- INPUT FOR THIS TASK -
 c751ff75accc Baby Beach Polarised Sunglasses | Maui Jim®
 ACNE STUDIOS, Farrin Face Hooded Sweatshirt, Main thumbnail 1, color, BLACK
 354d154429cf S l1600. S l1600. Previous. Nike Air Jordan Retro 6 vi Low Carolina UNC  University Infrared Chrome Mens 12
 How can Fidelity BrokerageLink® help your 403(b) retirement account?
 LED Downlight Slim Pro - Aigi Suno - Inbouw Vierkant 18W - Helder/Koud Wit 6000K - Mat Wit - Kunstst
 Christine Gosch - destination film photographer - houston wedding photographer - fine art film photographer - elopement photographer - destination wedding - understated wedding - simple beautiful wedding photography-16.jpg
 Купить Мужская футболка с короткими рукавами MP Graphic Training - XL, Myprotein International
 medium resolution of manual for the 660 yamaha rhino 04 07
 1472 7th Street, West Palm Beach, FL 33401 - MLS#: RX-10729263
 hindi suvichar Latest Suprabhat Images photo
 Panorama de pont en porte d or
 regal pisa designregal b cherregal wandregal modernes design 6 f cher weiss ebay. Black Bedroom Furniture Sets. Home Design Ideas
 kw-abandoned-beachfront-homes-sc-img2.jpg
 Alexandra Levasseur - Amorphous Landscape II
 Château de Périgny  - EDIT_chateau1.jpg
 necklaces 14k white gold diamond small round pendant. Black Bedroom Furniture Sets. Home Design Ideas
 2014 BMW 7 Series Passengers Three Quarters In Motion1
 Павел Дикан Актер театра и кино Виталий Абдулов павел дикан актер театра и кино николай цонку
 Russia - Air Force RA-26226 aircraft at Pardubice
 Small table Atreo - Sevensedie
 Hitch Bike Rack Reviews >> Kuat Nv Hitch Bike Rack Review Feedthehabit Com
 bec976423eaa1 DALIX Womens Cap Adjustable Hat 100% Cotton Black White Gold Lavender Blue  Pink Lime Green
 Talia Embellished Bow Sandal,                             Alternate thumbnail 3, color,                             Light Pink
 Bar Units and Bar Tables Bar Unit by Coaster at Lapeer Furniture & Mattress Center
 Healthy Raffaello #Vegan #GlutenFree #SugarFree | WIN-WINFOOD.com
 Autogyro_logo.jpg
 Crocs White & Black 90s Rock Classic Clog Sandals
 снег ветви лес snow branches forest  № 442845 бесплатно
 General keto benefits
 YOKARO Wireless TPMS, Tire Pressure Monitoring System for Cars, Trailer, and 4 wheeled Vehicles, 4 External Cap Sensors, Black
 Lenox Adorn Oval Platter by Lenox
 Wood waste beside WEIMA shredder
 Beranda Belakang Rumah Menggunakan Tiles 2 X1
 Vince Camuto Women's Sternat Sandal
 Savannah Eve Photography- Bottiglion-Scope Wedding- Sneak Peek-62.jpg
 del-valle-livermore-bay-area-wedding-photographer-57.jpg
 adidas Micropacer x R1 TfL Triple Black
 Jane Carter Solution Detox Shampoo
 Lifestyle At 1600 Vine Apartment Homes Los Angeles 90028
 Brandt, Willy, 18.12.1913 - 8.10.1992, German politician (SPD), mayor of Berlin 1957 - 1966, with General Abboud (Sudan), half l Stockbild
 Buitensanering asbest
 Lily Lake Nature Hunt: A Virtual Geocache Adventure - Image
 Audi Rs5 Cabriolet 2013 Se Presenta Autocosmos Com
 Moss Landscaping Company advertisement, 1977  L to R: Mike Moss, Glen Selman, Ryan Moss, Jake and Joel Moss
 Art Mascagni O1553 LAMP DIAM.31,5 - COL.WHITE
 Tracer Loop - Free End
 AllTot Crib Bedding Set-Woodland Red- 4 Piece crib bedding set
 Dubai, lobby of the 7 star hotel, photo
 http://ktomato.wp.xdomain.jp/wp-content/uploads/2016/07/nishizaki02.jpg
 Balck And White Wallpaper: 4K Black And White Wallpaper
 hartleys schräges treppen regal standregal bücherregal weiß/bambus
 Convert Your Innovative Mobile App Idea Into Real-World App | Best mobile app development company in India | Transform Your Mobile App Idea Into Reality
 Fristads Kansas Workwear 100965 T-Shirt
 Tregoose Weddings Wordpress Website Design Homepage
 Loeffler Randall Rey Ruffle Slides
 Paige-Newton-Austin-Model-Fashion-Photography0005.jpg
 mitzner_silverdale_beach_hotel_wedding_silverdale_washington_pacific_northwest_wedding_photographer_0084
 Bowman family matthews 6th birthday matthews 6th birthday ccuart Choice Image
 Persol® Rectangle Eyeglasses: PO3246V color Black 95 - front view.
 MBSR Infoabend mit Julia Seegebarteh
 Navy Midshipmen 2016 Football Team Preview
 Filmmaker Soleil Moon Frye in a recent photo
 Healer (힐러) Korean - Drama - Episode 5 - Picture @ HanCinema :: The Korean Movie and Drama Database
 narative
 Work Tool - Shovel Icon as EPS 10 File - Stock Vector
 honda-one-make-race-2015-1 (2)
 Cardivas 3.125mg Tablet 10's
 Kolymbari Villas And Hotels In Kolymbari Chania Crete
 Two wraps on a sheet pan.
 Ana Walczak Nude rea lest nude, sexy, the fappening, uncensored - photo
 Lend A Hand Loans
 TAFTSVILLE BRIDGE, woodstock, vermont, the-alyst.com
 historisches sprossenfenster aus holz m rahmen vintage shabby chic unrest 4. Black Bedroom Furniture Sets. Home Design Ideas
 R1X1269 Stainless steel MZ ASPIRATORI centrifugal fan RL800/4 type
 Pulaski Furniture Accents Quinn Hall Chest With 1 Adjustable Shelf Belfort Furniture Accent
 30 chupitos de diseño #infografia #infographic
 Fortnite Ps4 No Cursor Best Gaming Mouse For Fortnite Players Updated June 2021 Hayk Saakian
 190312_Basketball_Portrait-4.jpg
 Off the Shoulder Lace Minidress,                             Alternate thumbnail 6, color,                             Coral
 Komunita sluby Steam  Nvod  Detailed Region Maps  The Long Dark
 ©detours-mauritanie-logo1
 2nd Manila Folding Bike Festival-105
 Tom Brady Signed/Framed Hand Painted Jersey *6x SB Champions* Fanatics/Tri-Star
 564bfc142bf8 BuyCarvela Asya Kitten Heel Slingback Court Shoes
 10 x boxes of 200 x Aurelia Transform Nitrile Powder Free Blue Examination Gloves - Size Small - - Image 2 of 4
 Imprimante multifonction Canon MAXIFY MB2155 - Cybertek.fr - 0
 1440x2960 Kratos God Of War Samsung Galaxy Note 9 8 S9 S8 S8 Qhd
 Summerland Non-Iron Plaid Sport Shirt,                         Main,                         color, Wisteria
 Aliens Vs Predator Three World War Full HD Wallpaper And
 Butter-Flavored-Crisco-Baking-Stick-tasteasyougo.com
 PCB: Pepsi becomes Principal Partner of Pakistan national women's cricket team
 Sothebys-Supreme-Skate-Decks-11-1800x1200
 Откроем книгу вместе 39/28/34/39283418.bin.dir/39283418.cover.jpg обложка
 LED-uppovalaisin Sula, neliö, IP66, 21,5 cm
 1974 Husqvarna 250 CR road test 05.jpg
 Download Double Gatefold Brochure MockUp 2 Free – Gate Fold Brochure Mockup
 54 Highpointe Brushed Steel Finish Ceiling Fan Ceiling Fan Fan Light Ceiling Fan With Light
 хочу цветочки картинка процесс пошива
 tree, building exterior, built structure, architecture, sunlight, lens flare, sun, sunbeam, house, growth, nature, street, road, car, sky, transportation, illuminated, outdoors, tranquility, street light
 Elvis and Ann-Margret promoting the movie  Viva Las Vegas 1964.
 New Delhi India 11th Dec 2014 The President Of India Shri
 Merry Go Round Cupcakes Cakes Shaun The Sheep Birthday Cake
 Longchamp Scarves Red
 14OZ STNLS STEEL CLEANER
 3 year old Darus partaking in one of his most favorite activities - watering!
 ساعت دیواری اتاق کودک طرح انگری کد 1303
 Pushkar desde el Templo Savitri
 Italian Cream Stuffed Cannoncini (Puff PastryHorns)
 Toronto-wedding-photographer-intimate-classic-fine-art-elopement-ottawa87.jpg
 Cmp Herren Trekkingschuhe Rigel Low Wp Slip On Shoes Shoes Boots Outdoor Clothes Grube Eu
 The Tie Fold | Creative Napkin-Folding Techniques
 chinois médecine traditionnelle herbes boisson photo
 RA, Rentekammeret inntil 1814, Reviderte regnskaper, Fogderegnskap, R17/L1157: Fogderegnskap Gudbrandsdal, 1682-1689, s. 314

- YOUR ASSIGNMENT -
Return, word for word, every line from the top of the entries down to the line that holds "ACNE STUDIOS, Farrin", both included.

- YOUR SOLUTION -
 c751ff75accc Baby Beach Polarised Sunglasses | Maui Jim®
 ACNE STUDIOS, Farrin Face Hooded Sweatshirt, Main thumbnail 1, color, BLACK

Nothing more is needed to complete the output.